By Amir Zadnemat
The Liminal Moment
It is 3:47 AM—a threshold where night has not yet surrendered to morning. In these fleeting minutes, waking up evokes a profound sense of estrangement, as if time itself has entered a state of liminality. However, while a threshold typically functions as a bridge between two states, this moment feels like a collapse of transition. Your phone remains illuminated, yet no messages arrive; the streets are paralyzed in silence. You are inhabiting a pocket of time recorded in no calendar. We all recognize these suspended intervals: the midnight train station where no one boards, or the second between sleep and waking when identity feels fluid. Gaston Bachelard spoke of “interior spaces”—realms that exist more in feeling than on maps. If we extend this to chronology, we find these are not just transitions, but “dead times”—not because they have ended, but because they have stepped outside the rhythmic pulse of life, becoming hours that do not flow, but merely persist.
Dead Times: The Labyrinth of Hours
In ancient cultures, the night was never a uniform void; it was a sequence of distinct atmospheres. Medieval Europe feared the “Wolf Hour,” and Eastern traditions revere the “time before dawn” as a sacred bridge between darkness and light. These were liminal thresholds—intuitive recognitions of the shifting quality of time. Modernity, however, has flattened this topography. Time has been reduced to standardized units: minutes, work schedules, and digital displays. In our current system, 3:47 AM is identical to 3:47 PM—merely a coordinate on a grid. Yet, the human psyche rejects this equality. When the sacred bridge of liminality is replaced by the mechanical grid, we enter the “Dead Times.” At midnight, reality recedes, allowing the “Uncanny” (Unheimlich) to surface. As Jorge Luis Borges suggested, time is more a labyrinth than a river; dead times are those side corridors no one was intended to enter, yet we find ourselves there nonetheless.

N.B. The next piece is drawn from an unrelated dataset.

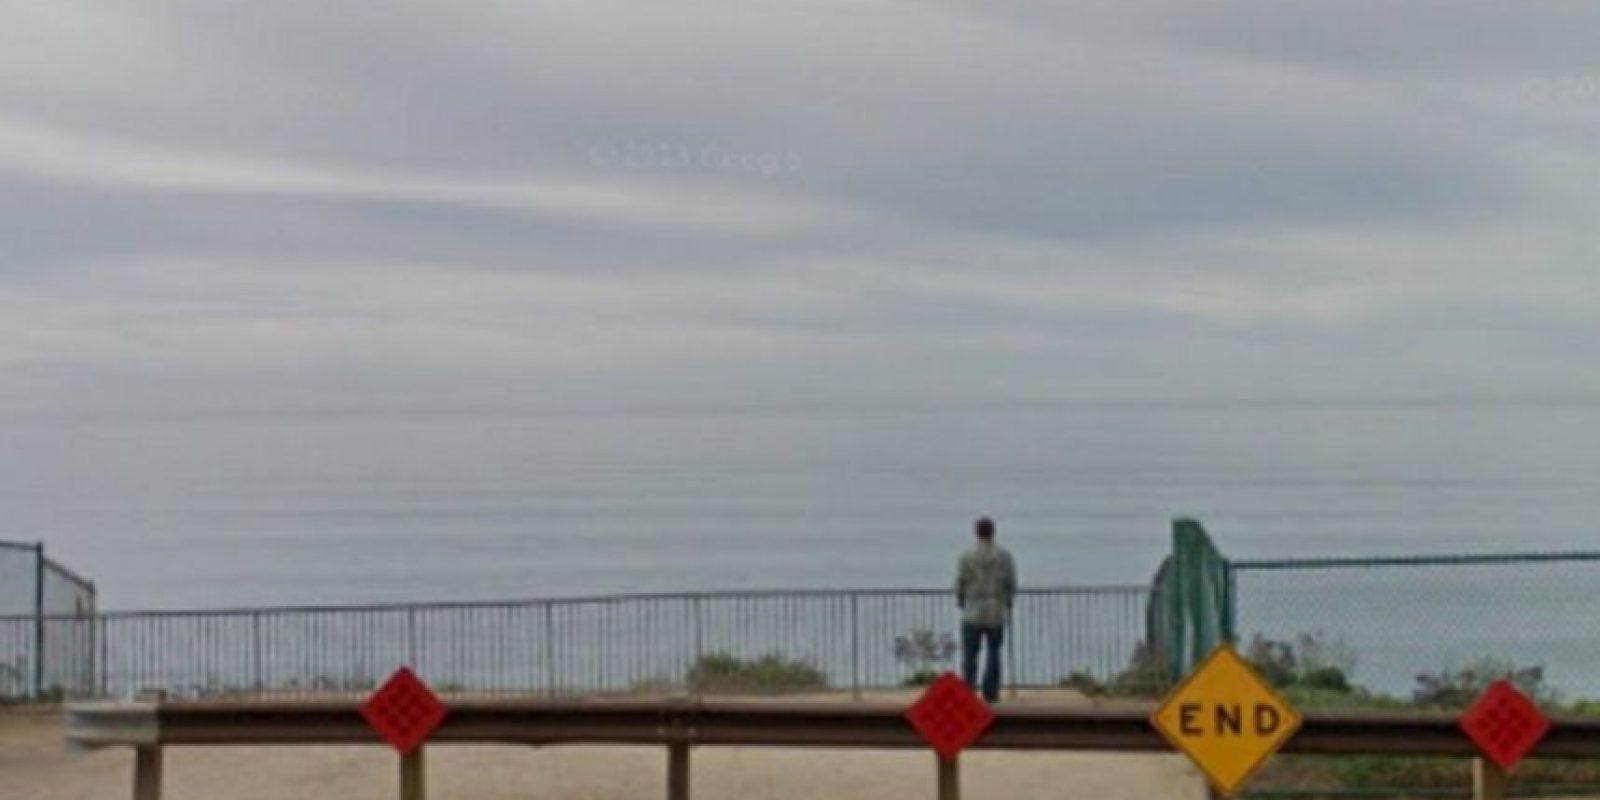 Este es el acantilado donde cayeron los hombres. Foto:Twitter. Imagen Por:

Living Ghosts: The Architecture of Absence
We often attribute the supernatural to the dead, yet the most haunting ghosts are among the living. In the modern metropolises, we witness “absent presence”—a term coined by sociologist Zygmunt Bauman. On the morning metro, hundreds stand shoulder to shoulder, yet their gazes are worlds apart, anchored to small screens. This silence is not peace; it is distance. Houses, too, can embody this void. A home may be filled with the clatter of dishes, the glow of televisions, and the movement of bodies, yet lack a shared reality. Each inhabitant resides in a separate digital or mental chamber. Haruki Murakami frequently depicts characters who feel a vital part of themselves has been left elsewhere, leaving behind a “living ghost”—a person who breathes, works, and speaks, but whose essential presence has withdrawn. They are physically present, yet existentially absent.
The Intersection: Where the Uncanny Resides
The most profound experience occurs at the intersection of these two phenomena: a half-present person inhabiting a half-real hour. In the stillness of a sleepless night, one begins to notice the details that the day ignores: the weight of a shadow on the wall, the rhythmic creak of the floor, or the reflection of one’s own face in a dark window. For a fraction of a second, before the rational mind intervenes, that reflection appears as a stranger. This brief lapse in recognition reveals the fragile distance between us and ourselves. This is the true nature of the “Uncanny”—not the sight of something supernatural, but the sight of the ordinary from an impossible angle. In these dead times, the world slows down, allowing the hidden depth of everyday life to rise to the surface.
Presence as an Act of Will
The supernatural does not require foggy graveyards; it is closer and far more mundane. It manifests in a midnight kitchen, a crowded yet silent subway car, or a house where silence moves between rooms like an uninvited guest. These moments create cracks in the fabric of reality, reminding us that human presence is not an automatic state. It is something that must be consciously built, maintained, and rediscovered.
Perhaps this is why certain hours feel heavier than others, and why some homes feel empty despite the people within them. Somewhere between the dead hours and the silent rooms, we are forced to confront the simplest, yet most haunting question of all:
Are we truly here?
Amir Zadnemat is an Iranian writer with an MA in Literature from the University of Gilan, Iran. His writing engages with cinema as a poetic language shaped by light, shadow, and narrative.